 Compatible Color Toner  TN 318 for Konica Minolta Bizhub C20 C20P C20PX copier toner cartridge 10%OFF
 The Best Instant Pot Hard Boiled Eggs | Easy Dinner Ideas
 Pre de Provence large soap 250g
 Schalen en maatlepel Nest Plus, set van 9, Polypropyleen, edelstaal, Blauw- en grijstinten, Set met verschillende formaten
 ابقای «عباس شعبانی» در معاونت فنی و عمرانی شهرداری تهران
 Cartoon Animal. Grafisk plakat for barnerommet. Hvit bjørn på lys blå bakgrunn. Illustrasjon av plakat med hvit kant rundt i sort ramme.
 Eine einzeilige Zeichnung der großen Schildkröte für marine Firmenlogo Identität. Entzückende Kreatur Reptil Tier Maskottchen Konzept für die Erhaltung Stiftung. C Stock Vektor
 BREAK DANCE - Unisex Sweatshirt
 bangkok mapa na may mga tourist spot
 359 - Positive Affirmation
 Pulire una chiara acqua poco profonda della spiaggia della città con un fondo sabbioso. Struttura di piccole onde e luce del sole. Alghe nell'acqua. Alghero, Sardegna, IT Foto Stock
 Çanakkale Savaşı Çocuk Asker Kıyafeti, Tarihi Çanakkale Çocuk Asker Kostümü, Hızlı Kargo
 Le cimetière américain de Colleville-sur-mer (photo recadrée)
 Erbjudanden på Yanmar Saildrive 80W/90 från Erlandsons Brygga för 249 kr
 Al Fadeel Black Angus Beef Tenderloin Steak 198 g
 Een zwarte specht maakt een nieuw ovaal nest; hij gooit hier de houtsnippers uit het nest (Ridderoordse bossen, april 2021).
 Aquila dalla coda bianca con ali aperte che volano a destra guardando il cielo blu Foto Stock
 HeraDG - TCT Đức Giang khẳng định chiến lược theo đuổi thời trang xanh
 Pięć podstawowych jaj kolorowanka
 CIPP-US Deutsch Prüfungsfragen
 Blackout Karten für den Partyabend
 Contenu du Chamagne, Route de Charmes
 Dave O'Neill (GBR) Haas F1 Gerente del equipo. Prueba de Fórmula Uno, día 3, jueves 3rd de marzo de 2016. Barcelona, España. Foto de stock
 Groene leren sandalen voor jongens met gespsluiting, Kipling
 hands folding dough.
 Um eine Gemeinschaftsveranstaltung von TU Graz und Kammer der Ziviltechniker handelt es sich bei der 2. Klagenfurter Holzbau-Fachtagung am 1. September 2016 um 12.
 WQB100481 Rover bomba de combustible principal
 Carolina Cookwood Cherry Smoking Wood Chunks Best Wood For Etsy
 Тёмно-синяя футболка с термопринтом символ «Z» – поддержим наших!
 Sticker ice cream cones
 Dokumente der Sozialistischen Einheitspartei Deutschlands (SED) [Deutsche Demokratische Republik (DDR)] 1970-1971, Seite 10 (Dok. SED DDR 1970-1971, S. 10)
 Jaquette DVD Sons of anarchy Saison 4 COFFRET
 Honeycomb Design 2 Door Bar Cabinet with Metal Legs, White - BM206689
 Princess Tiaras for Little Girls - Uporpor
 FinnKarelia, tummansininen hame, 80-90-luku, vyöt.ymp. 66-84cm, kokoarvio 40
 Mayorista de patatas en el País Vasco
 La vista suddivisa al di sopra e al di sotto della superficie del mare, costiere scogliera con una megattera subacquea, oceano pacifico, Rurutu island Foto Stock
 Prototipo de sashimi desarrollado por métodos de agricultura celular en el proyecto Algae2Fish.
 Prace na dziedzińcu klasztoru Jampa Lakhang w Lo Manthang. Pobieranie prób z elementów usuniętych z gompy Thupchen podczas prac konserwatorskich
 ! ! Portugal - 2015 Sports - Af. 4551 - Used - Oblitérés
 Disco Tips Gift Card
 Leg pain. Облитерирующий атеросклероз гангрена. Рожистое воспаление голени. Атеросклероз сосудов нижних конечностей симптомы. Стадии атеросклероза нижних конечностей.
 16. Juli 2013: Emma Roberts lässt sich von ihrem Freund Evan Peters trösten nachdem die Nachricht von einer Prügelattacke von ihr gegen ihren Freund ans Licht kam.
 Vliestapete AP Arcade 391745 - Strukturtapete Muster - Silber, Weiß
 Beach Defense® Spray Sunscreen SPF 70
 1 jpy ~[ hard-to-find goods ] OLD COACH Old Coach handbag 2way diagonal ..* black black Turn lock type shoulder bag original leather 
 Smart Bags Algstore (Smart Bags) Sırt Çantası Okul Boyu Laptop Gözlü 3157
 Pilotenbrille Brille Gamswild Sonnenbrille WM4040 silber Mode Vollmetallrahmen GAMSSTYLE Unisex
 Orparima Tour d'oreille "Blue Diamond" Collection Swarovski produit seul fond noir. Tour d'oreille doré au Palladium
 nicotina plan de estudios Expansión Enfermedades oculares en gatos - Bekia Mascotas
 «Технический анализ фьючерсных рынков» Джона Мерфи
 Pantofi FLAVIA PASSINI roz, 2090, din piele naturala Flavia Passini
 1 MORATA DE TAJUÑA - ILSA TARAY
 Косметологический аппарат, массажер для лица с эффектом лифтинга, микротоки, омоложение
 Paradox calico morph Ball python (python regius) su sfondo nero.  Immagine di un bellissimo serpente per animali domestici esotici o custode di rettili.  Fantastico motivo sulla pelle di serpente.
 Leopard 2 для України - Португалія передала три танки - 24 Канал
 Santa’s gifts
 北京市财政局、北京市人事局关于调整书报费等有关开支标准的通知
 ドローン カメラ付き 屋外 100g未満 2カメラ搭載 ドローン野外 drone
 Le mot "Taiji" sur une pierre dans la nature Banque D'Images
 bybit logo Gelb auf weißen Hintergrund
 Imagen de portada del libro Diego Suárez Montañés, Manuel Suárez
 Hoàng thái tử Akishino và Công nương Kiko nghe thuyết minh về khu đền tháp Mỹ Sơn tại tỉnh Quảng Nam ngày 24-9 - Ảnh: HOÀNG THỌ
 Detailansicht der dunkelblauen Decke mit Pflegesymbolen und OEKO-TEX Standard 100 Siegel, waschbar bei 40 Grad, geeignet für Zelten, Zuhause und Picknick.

Goal of the exercise: From the first line to the last, retype the material exactly.

Written response:
 Compatible Color Toner  TN 318 for Konica Minolta Bizhub C20 C20P C20PX copier toner cartridge 10%OFF
 The Best Instant Pot Hard Boiled Eggs | Easy Dinner Ideas
 Pre de Provence large soap 250g
 Schalen en maatlepel Nest Plus, set van 9, Polypropyleen, edelstaal, Blauw- en grijstinten, Set met verschillende formaten
 ابقای «عباس شعبانی» در معاونت فنی و عمرانی شهرداری تهران
 Cartoon Animal. Grafisk plakat for barnerommet. Hvit bjørn på lys blå bakgrunn. Illustrasjon av plakat med hvit kant rundt i sort ramme.
 Eine einzeilige Zeichnung der großen Schildkröte für marine Firmenlogo Identität. Entzückende Kreatur Reptil Tier Maskottchen Konzept für die Erhaltung Stiftung. C Stock Vektor
 BREAK DANCE - Unisex Sweatshirt
 bangkok mapa na may mga tourist spot
 359 - Positive Affirmation
 Pulire una chiara acqua poco profonda della spiaggia della città con un fondo sabbioso. Struttura di piccole onde e luce del sole. Alghe nell'acqua. Alghero, Sardegna, IT Foto Stock
 Çanakkale Savaşı Çocuk Asker Kıyafeti, Tarihi Çanakkale Çocuk Asker Kostümü, Hızlı Kargo
 Le cimetière américain de Colleville-sur-mer (photo recadrée)
 Erbjudanden på Yanmar Saildrive 80W/90 från Erlandsons Brygga för 249 kr
 Al Fadeel Black Angus Beef Tenderloin Steak 198 g
 Een zwarte specht maakt een nieuw ovaal nest; hij gooit hier de houtsnippers uit het nest (Ridderoordse bossen, april 2021).
 Aquila dalla coda bianca con ali aperte che volano a destra guardando il cielo blu Foto Stock
 HeraDG - TCT Đức Giang khẳng định chiến lược theo đuổi thời trang xanh
 Pięć podstawowych jaj kolorowanka
 CIPP-US Deutsch Prüfungsfragen
 Blackout Karten für den Partyabend
 Contenu du Chamagne, Route de Charmes
 Dave O'Neill (GBR) Haas F1 Gerente del equipo. Prueba de Fórmula Uno, día 3, jueves 3rd de marzo de 2016. Barcelona, España. Foto de stock
 Groene leren sandalen voor jongens met gespsluiting, Kipling
 hands folding dough.
 Um eine Gemeinschaftsveranstaltung von TU Graz und Kammer der Ziviltechniker handelt es sich bei der 2. Klagenfurter Holzbau-Fachtagung am 1. September 2016 um 12.
 WQB100481 Rover bomba de combustible principal
 Carolina Cookwood Cherry Smoking Wood Chunks Best Wood For Etsy
 Тёмно-синяя футболка с термопринтом символ «Z» – поддержим наших!
 Sticker ice cream cones
 Dokumente der Sozialistischen Einheitspartei Deutschlands (SED) [Deutsche Demokratische Republik (DDR)] 1970-1971, Seite 10 (Dok. SED DDR 1970-1971, S. 10)
 Jaquette DVD Sons of anarchy Saison 4 COFFRET
 Honeycomb Design 2 Door Bar Cabinet with Metal Legs, White - BM206689
 Princess Tiaras for Little Girls - Uporpor
 FinnKarelia, tummansininen hame, 80-90-luku, vyöt.ymp. 66-84cm, kokoarvio 40
 Mayorista de patatas en el País Vasco
 La vista suddivisa al di sopra e al di sotto della superficie del mare, costiere scogliera con una megattera subacquea, oceano pacifico, Rurutu island Foto Stock
 Prototipo de sashimi desarrollado por métodos de agricultura celular en el proyecto Algae2Fish.
 Prace na dziedzińcu klasztoru Jampa Lakhang w Lo Manthang. Pobieranie prób z elementów usuniętych z gompy Thupchen podczas prac konserwatorskich
 ! ! Portugal - 2015 Sports - Af. 4551 - Used - Oblitérés
 Disco Tips Gift Card
 Leg pain. Облитерирующий атеросклероз гангрена. Рожистое воспаление голени. Атеросклероз сосудов нижних конечностей симптомы. Стадии атеросклероза нижних конечностей.
 16. Juli 2013: Emma Roberts lässt sich von ihrem Freund Evan Peters trösten nachdem die Nachricht von einer Prügelattacke von ihr gegen ihren Freund ans Licht kam.
 Vliestapete AP Arcade 391745 - Strukturtapete Muster - Silber, Weiß
 Beach Defense® Spray Sunscreen SPF 70
 1 jpy ~[ hard-to-find goods ] OLD COACH Old Coach handbag 2way diagonal ..* black black Turn lock type shoulder bag original leather 
 Smart Bags Algstore (Smart Bags) Sırt Çantası Okul Boyu Laptop Gözlü 3157
 Pilotenbrille Brille Gamswild Sonnenbrille WM4040 silber Mode Vollmetallrahmen GAMSSTYLE Unisex
 Orparima Tour d'oreille "Blue Diamond" Collection Swarovski produit seul fond noir. Tour d'oreille doré au Palladium
 nicotina plan de estudios Expansión Enfermedades oculares en gatos - Bekia Mascotas
 «Технический анализ фьючерсных рынков» Джона Мерфи
 Pantofi FLAVIA PASSINI roz, 2090, din piele naturala Flavia Passini
 1 MORATA DE TAJUÑA - ILSA TARAY
 Косметологический аппарат, массажер для лица с эффектом лифтинга, микротоки, омоложение
 Paradox calico morph Ball python (python regius) su sfondo nero.  Immagine di un bellissimo serpente per animali domestici esotici o custode di rettili.  Fantastico motivo sulla pelle di serpente.
 Leopard 2 для України - Португалія передала три танки - 24 Канал
 Santa’s gifts
 北京市财政局、北京市人事局关于调整书报费等有关开支标准的通知
 ドローン カメラ付き 屋外 100g未満 2カメラ搭載 ドローン野外 drone
 Le mot "Taiji" sur une pierre dans la nature Banque D'Images
 bybit logo Gelb auf weißen Hintergrund
 Imagen de portada del libro Diego Suárez Montañés, Manuel Suárez
 Hoàng thái tử Akishino và Công nương Kiko nghe thuyết minh về khu đền tháp Mỹ Sơn tại tỉnh Quảng Nam ngày 24-9 - Ảnh: HOÀNG THỌ
 Detailansicht der dunkelblauen Decke mit Pflegesymbolen und OEKO-TEX Standard 100 Siegel, waschbar bei 40 Grad, geeignet für Zelten, Zuhause und Picknick.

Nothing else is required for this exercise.